Mal o galo cantara naquela manha de sábado quando Juvenal abriu o portãozinho de madeira e entrou cambaleante carregando duas pesadas malas. Assim que perceberam a chegada do pai, as crianças correram em feliz sonolência em direção ao moreno de tronco largo que anunciava presentes para todos.
Na porta estava Filomena, cujos incomuns olhos claros fitavam apaixonadamente o marido. Buscava em sua memória: quantos meses se passaram desde o último serviço dele? Seis? Oito meses?
A vida tinha melhorado muito desde que Juvenal conseguira um emprego na cidade. Não faltava mais comida, as crianças podiam andar com roupas inteiras e a aconchegante casinha da família tinha até alguns eletrodomésticos, como rádio, TV e geladeira.
No entanto, a mulher confessava na igrejinha que sentia inveja dos vizinhos que passavam fome, mas que dormiam juntos todas as noites. Por outro lado, Filomena escutava palavras maldosas cortarem suas costas. Sabia de cor as principais fofocas: o marido fazia coisa que não prestava por isso tinha tanto dinheiro; Juvenal tinha arrumado outra mulher bem longe dali; ele estava morto ou entrevado e não mais voltaria para casa.
Devido a tudo isso, seus dias mais felizes eram na companhia de Juvenal. Mesmo assim, era também um momento de aflição, pois a qualquer momento seu amado poderia ir embora. Nenhuma visita durava o mesmo que outra: ele já ficou duas semanas em casa, mas também já fizera uma visita de poucas horas.
Filomena procurou afastar tais pensamentos. O que importava é que seu marido estava em casa. Correu até ele e o abraçou longamente.
Um dia feliz. Não havia outra forma de descrever aquele sábado ensolarado. Música, carinho, conversa, brincadeira. A apreensão de Filomena diminuía na mesma proporção que o sol. A tarde veio gostosa e Juvenal não fez menção alguma que partiria naquele dia.

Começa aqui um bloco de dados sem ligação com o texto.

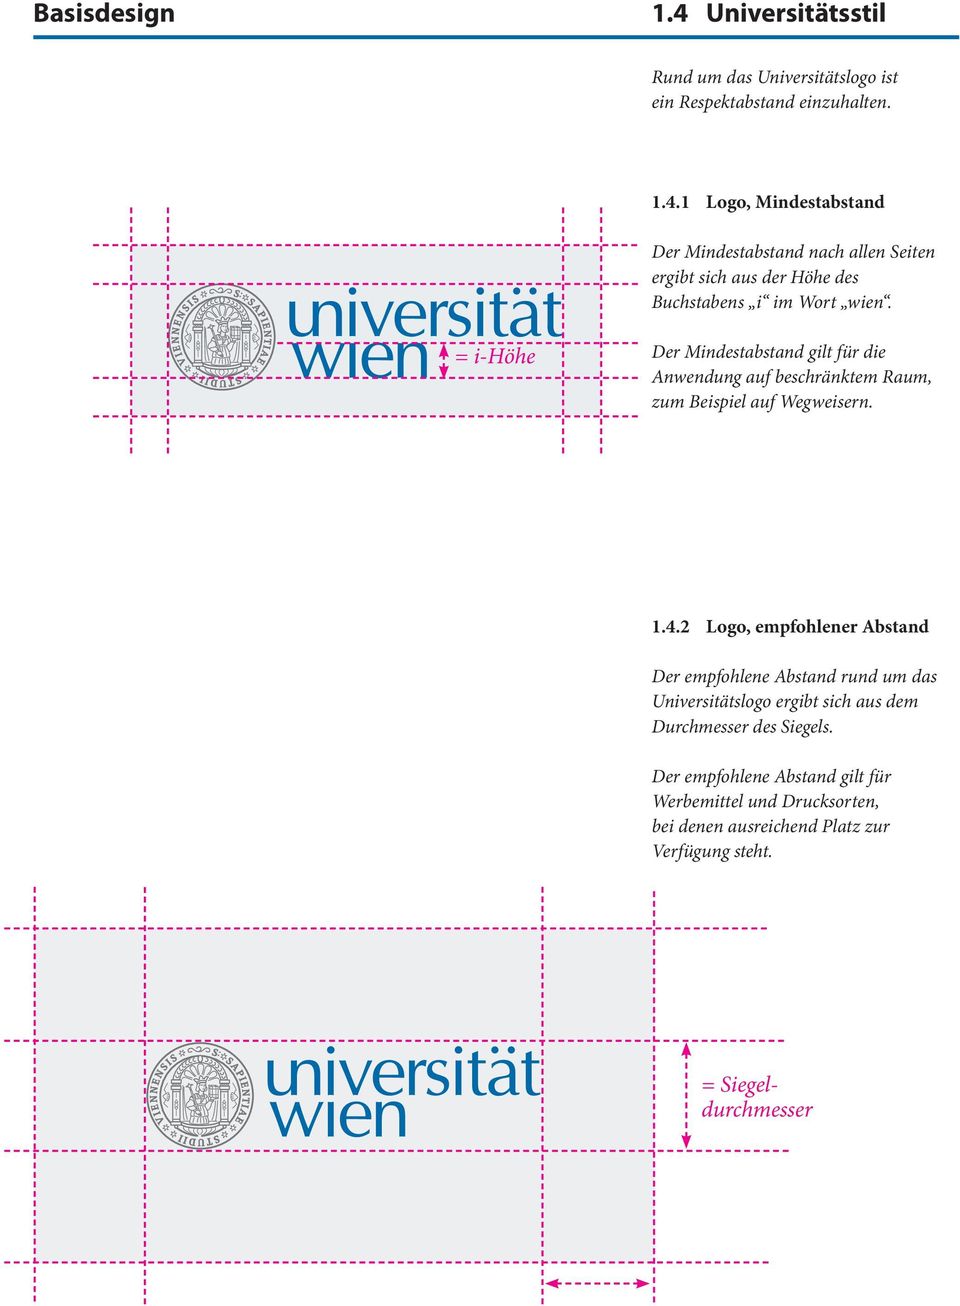 2 Logo, empfohlener Abstand Der empfohlene Abstand rund um das Universitätslogo ergibt sich aus dem Durchmesser des Siegels.
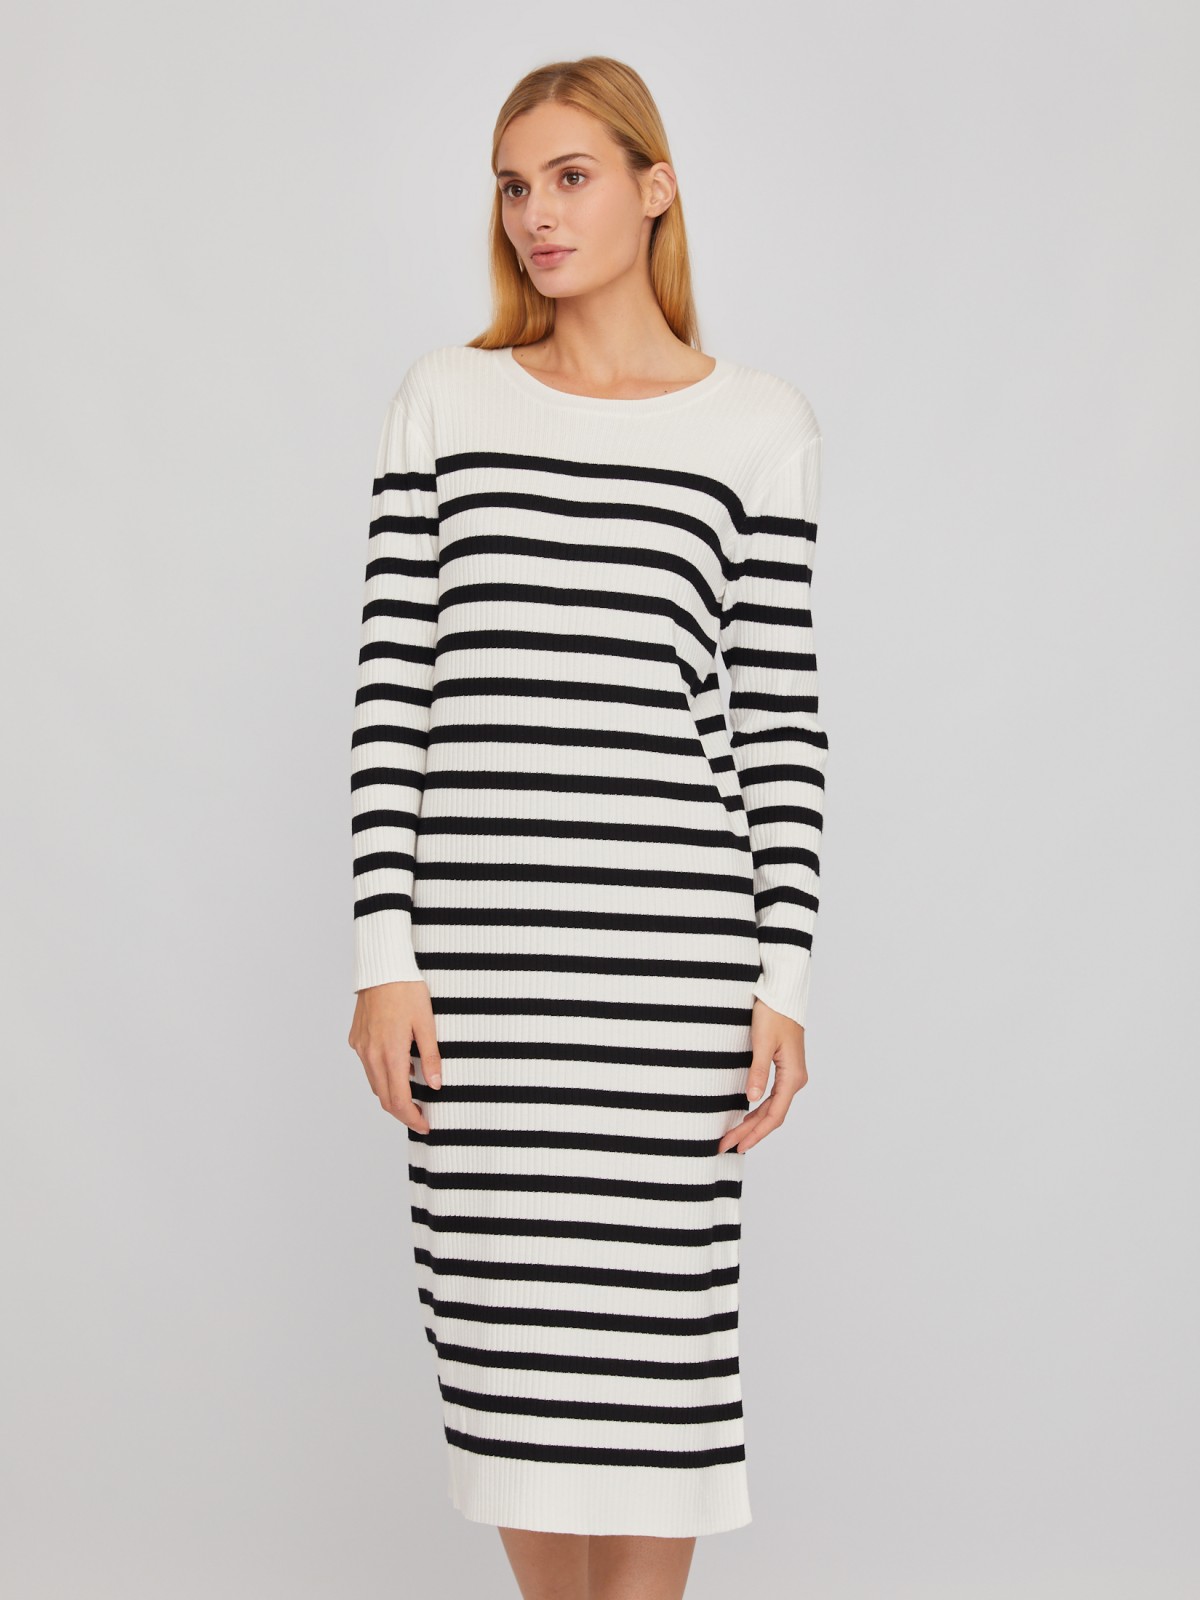 Трикотажное платье длины миди с узором в полоску zolla 024118465011, цвет белый, размер XS

Antes do jantar, Filomena tomou um banho caprichado e colocou seu melhor vestido. A sopa de ervilha, que Juvenal adorava, já estava pronta. Mas os pensamentos da mulher estavam em outro lugar. Depois de longo tempo teria uma noite de amor com seu esposo.
Imersa em pensamentos lascivos, a mulher foi colocando a mesa e ajeitando as crianças nas cadeiras. Apenas quando Juvenal veio lhe abraçar forte é que percebeu a mala pronta ao pé da porta.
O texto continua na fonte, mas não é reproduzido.